Actor R Lee Ermey was the real deal at least when it came to playing military men having served in the US army himself. It was experience he drew on for the role that defined his acting career as the verbally savage and utterly brutal drill sergeant in Stanley Kubrick’s Full Metal Jacket.

Born Ronald Lee Ermey in Kansas on March 4th 1944 he was a bit of a trouble maker in his youth ending up in court where a judge offered him jail or the army. He took the latter option and joined the US Marines where he spent 14 months in Vietnam and then Okinanwa, Japan moving up the ranks to staff sergeant and serving as a drill sergeant before retiring due to injury. R Lee Ermey initially moved to the Phillipines to study but appeared in a several films whilst out there before being cast as a helicopter pilot in Apocalpyse Now which was shooting there.  This was followed by a few lean years before he landed the role that would change everything for him.

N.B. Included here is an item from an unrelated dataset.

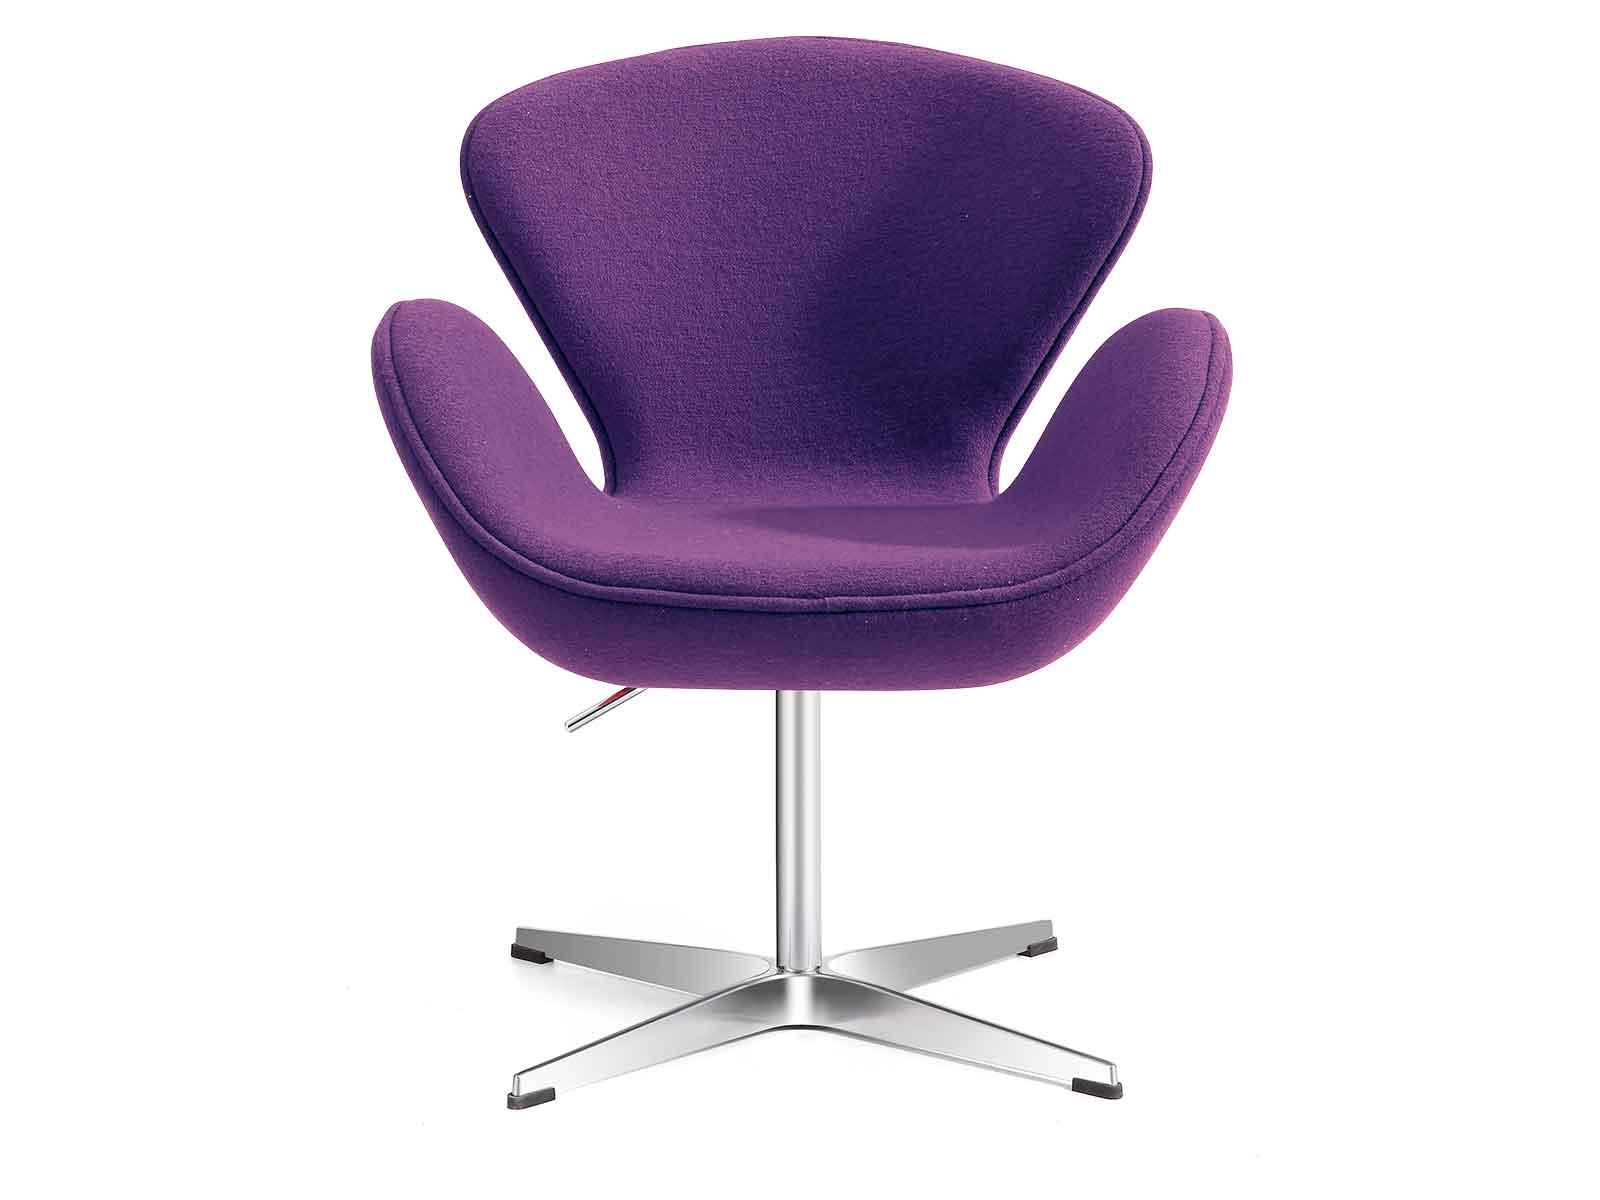 Silla sidney morado casam a design compra sillas for Sillas de diseno online

Legend has it that he had been hired in an advisory capacity on Kubrick’s Full Metal Jacket primarily for the actor originally cast as the drill sergeant.  It was a role that Ermey had wanted himself and Kubrick was rumoured to be reluctant to cast him thinking that he was just too nice for the role having watched him in the film, ‘The Boys in Company C’. Ermey took it as a bit of an insult and submitted an audition tape hurling insult after insult as, bizarrely, tennis balls were hurled at him. Kubrick was sold on him and when auditioning actors for the soldier roles the actors were lined up as Ermey paced up and down the hall hurling abuse at them so as Kubrick could see how they would react. Gunnery Sergeant Hartman would be R Lee Ermey’s defining role earning him a Golden Globe nomination. It was a role that would overshadow and ultimately typecast him to varying degrees for the rest of his career even playing a sergeant in the Toy Story films.

r lee ermey

He would appear in over 60 films from 1978 to his last film ‘The Watch’ in 2012 and he blamed his outspoken right wing views for what he called the ‘Hollywood liberals’ preventing him from appearing in further films and spent the last few years of his career  reduced to voiceovers for The Simpsons, Call of Duty games  and lastly a voice for a Disney video game.  His career included films as varied as Fletch Lives, Naked Gun 33 1/3, Seven and a remake of The Texas Chainsaw Massacre.

R Lee Ermey was proud of his military origins and supported US veterans and personnel and in keeping with that he was also a board member of the National Rifle Association and even worked as a spokesman for Glock handguns.

Yet despite his tough on screen persona he was reportedly a gentle man devoted to his four children and wife who he married in 1975. He died from complications of pneumonia.